When asked what Paxton has done that resonates with her, Costa said, “I think of a lot of different things, when he sued Biden, also the suits he’s done against Obama.”
Paxton has declined all requests by CBS News Texas for a one-on-one interview. During his three campaign stops in North Texas in the past ten days, Paxton would not answer local reporters’ questions. Paxton regularly grants interviews to conservative media.
Cornyn has sharply criticized Paxton for his ethical and marital problems. While Paxton was acquitted in the 2023 impeachment trial in the Texas Senate, the Attorney General’s office will have to pay at least $6.7 million to Paxton’s four former top hand-picked officials in his office who became whistleblowers. Paxton fired them after they went to the FBI to report alleged wrongdoing, something he denied. Federal authorities investigated Paxton during the Biden administration, but he was not charged.
The Attorney General’s wife, State Senator Angela Paxton (R-McKinney) filed for divorce last year, citing “biblical grounds” in a post on X.
Paxton’s supporters like Steve Brown are sticking with him.
“If I was looking for [Paxton] to be my pastor, if I was looking for him to be my marriage counselor, if I was looking for him to do those jobs, yeah, sure, I’d be more concerned with what Cornyn is saying,” Brown said. “But the reality is, I’m not. I’m looking for somebody to be a bulldog who goes to Washington, D.C. that makes sure D.C. understands Texas will not be trampled. You will have to come and take it.”
When asked if Cornyn is a fighter, Brown said, “He hasn’t done that in 40 years, why would he start tomorrow?”
Brown said Paxton is a fighter.
“I know it. Look at his history,” Brown said.
At Paxton’s rally in Dallas on Monday, State Representative Katrina Pierson (R-Rockwall) said she is backing Paxton because he is a fighter, and she encouraged supporters to go to the polls.
“We have to get out and vote because if our people get out and vote, we will win,” she said.
Paxton criticized Cornyn’s record, saying he hasn’t accomplished anything in his long political career.
“If you just take any two weeks that I’ve been Attorney General, other than Christmas and Thanksgiving, I’ve accomplished more than any two-week period, John Cornyn can pick it, than he’s accomplished in 42 years,” Paxton said.
President Trump announced he was endorsing Paxton moments before the Attorney General appeared at a previously scheduled rally in Allen on Tuesday morning. State Representative Keresa Richardson (R-McKinney) repeated what Paxton’s supporters have said.

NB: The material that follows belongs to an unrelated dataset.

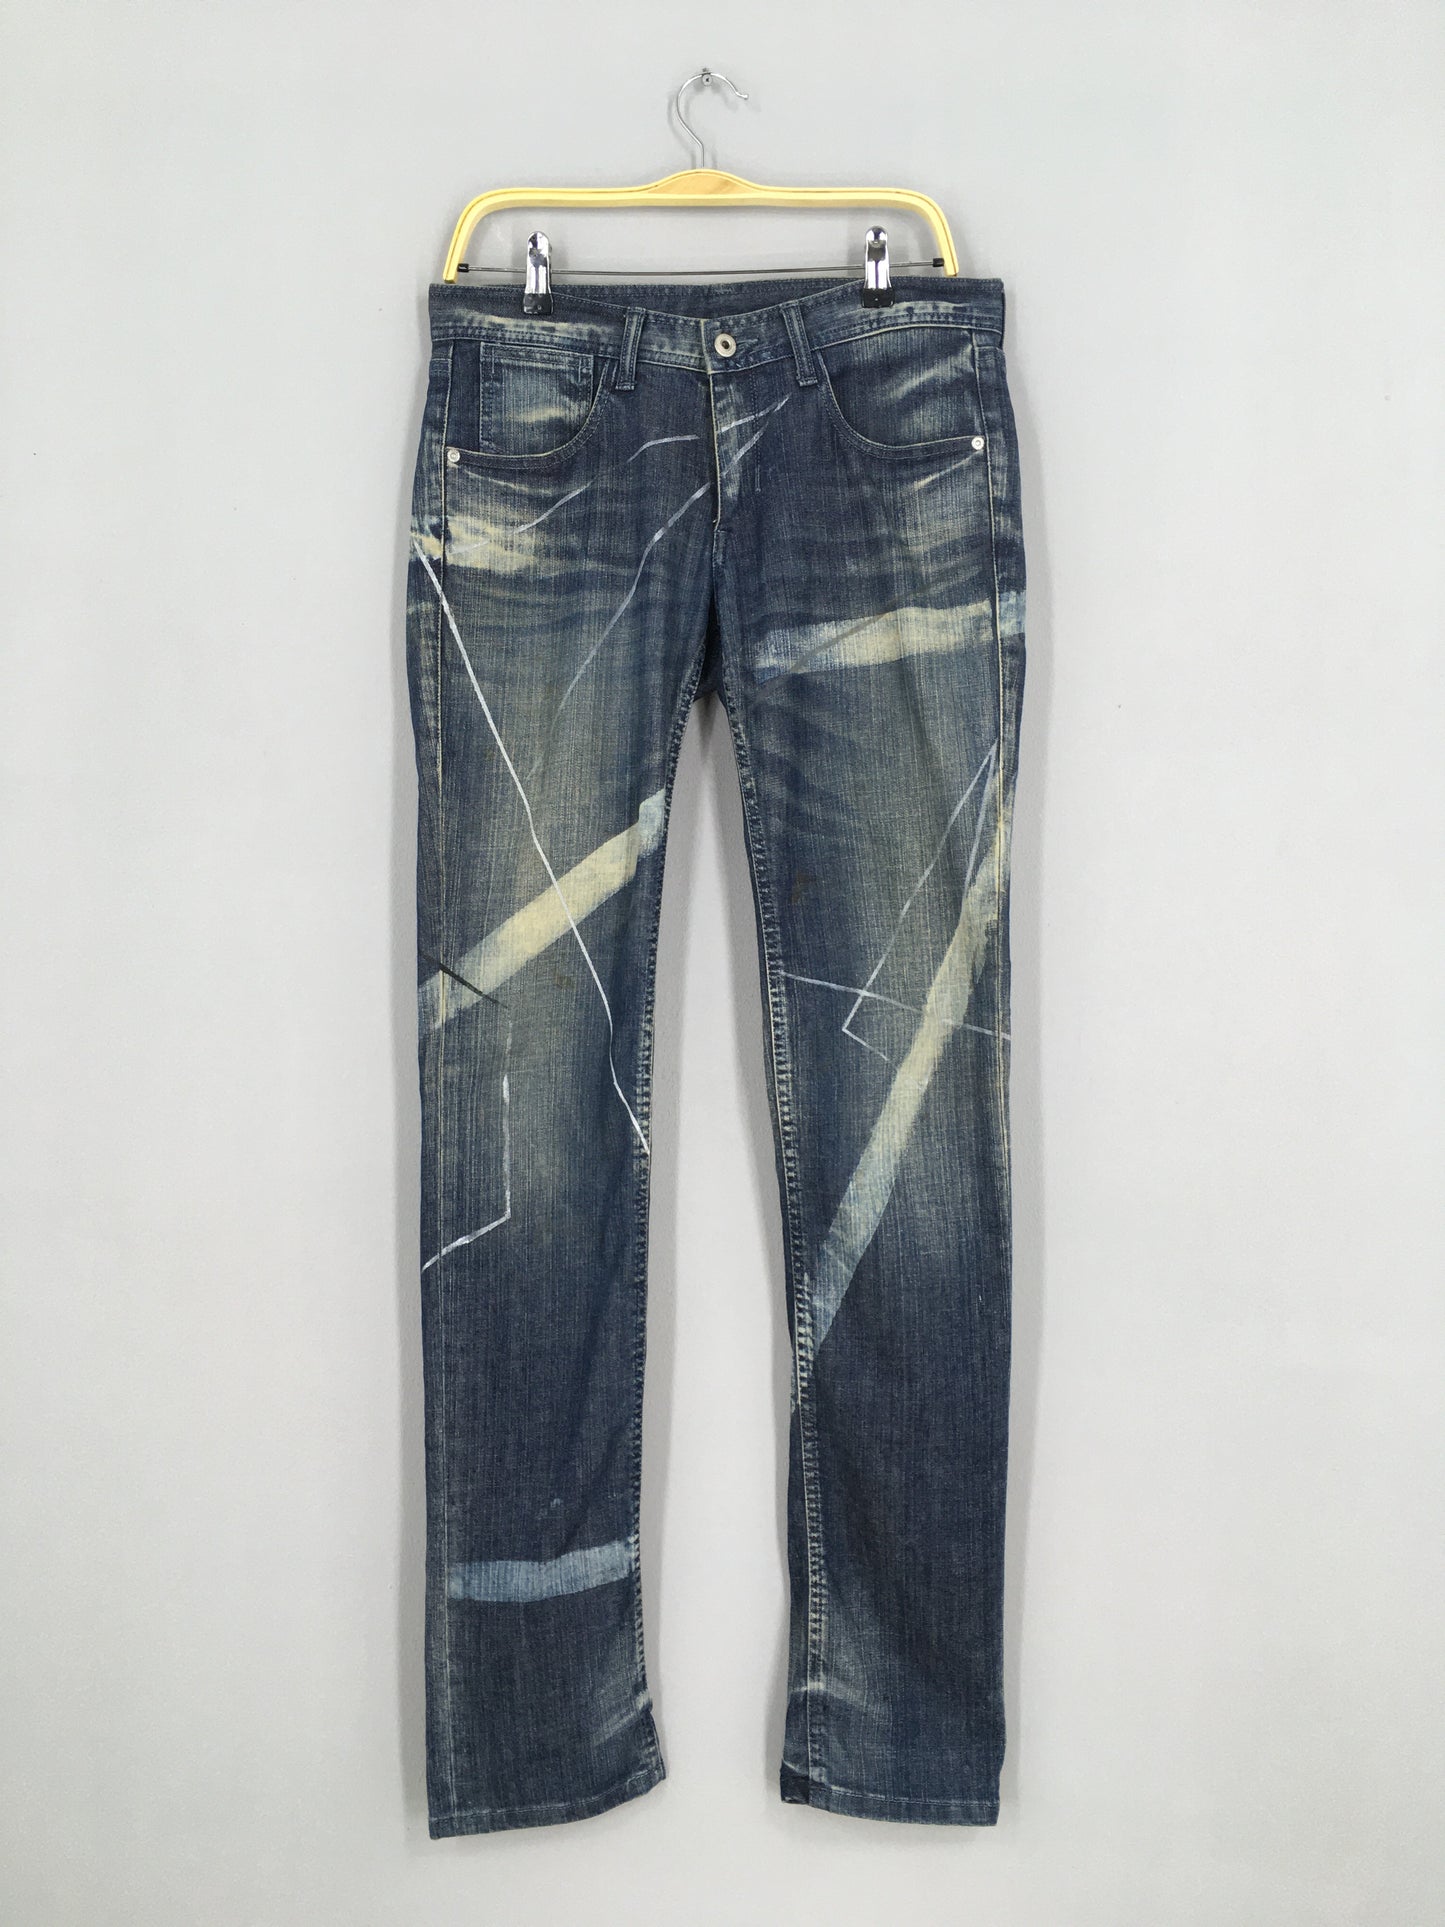 Size 32x34 Blackbarret By Neil Barret Slim Fit Patterned Paint Jeans

“Nobody, nobody has fought harder for Texas than Ken Paxton. I don’t care if it’s for parents’ rights, immigration, election integrity, you name it,” Richardson said.

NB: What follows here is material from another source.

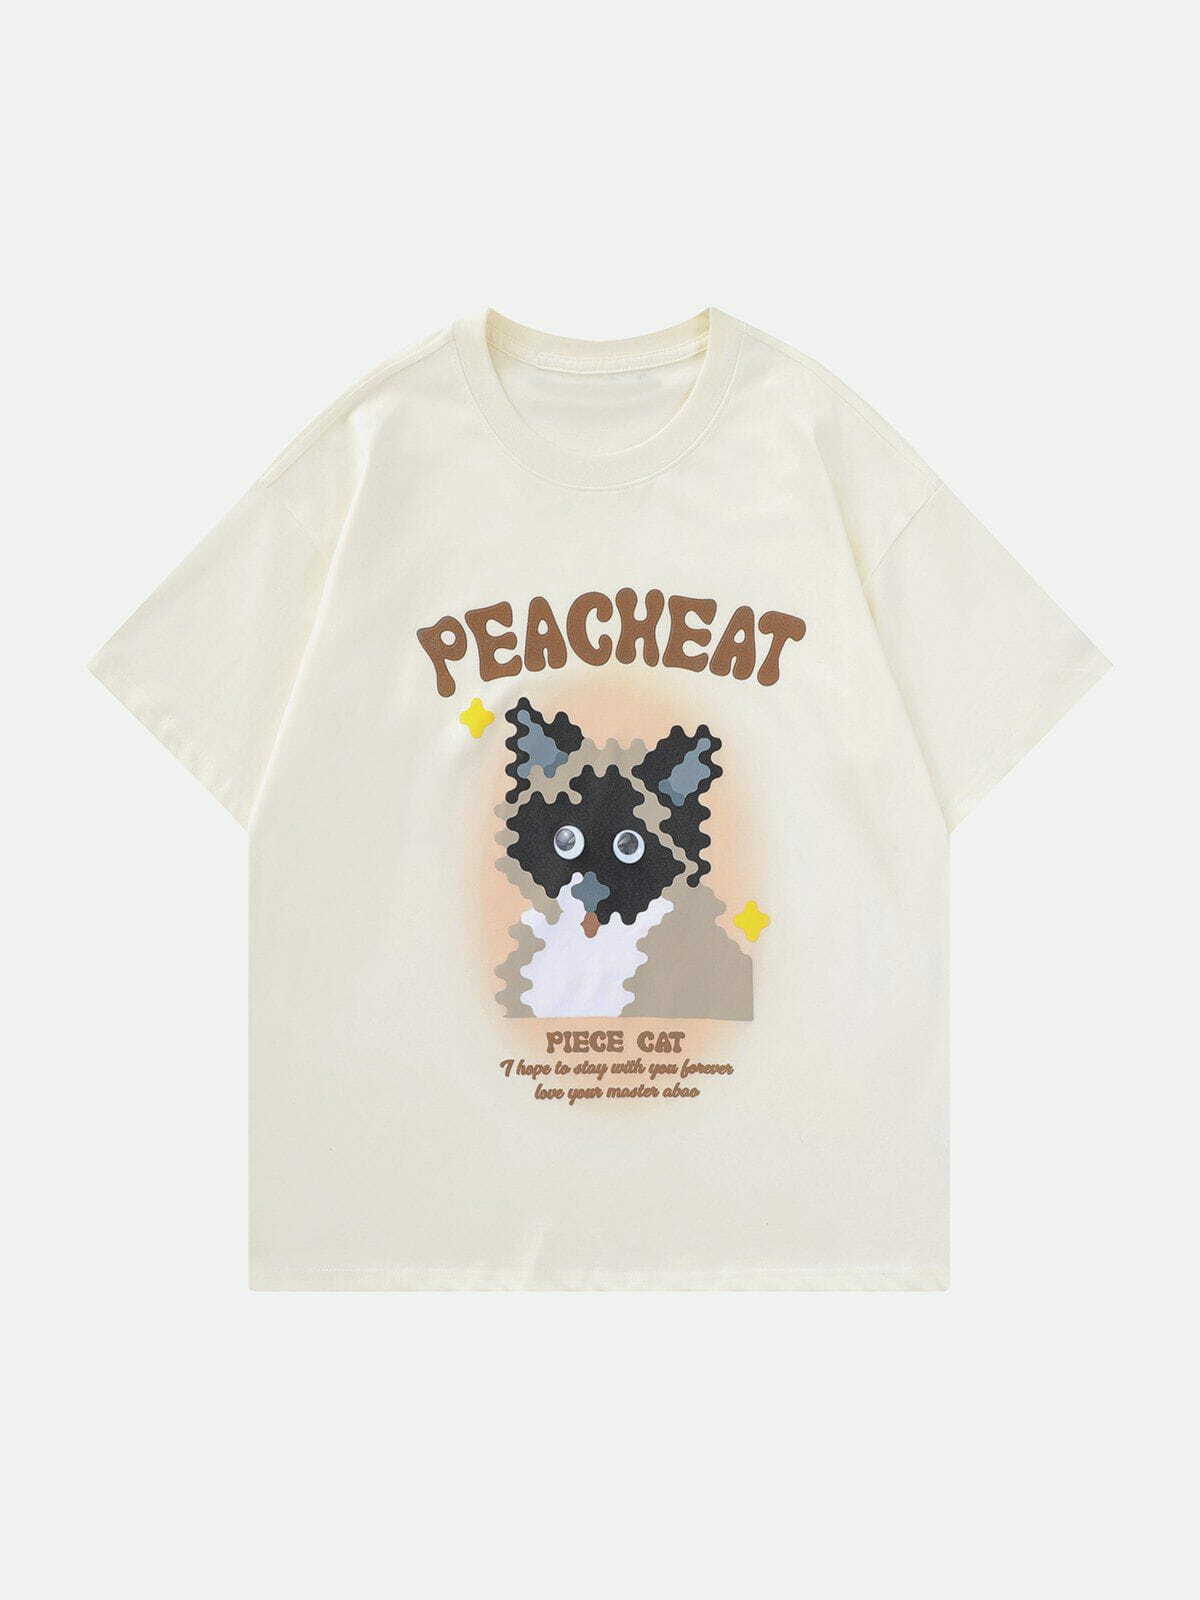 retro cat print tee edgy  vibrant streetwear shirt 8928

Another Paxton supporter, Sandra Hammer, put it this way: “Ken Paxton, on any issue that he gets, is a dog with a bone.”
When asked why that was important to her, Hammer said, “I think people get up there and forget why we elected them. They need to get up there and represent us, and Ken Paxton, I know, will do that.”
Paxton has repeatedly questioned Cornyn’s support for President Trump, and said the Senator only changed his tune last year after he entered the race to challenge the incumbent.
“The fake John Cornyn is going away in about seven days,” Paxton said.
Regardless of who wins the runoff on Tuesday, one of these long-time Republican elected officials will leave office at the end of the year when their terms expire.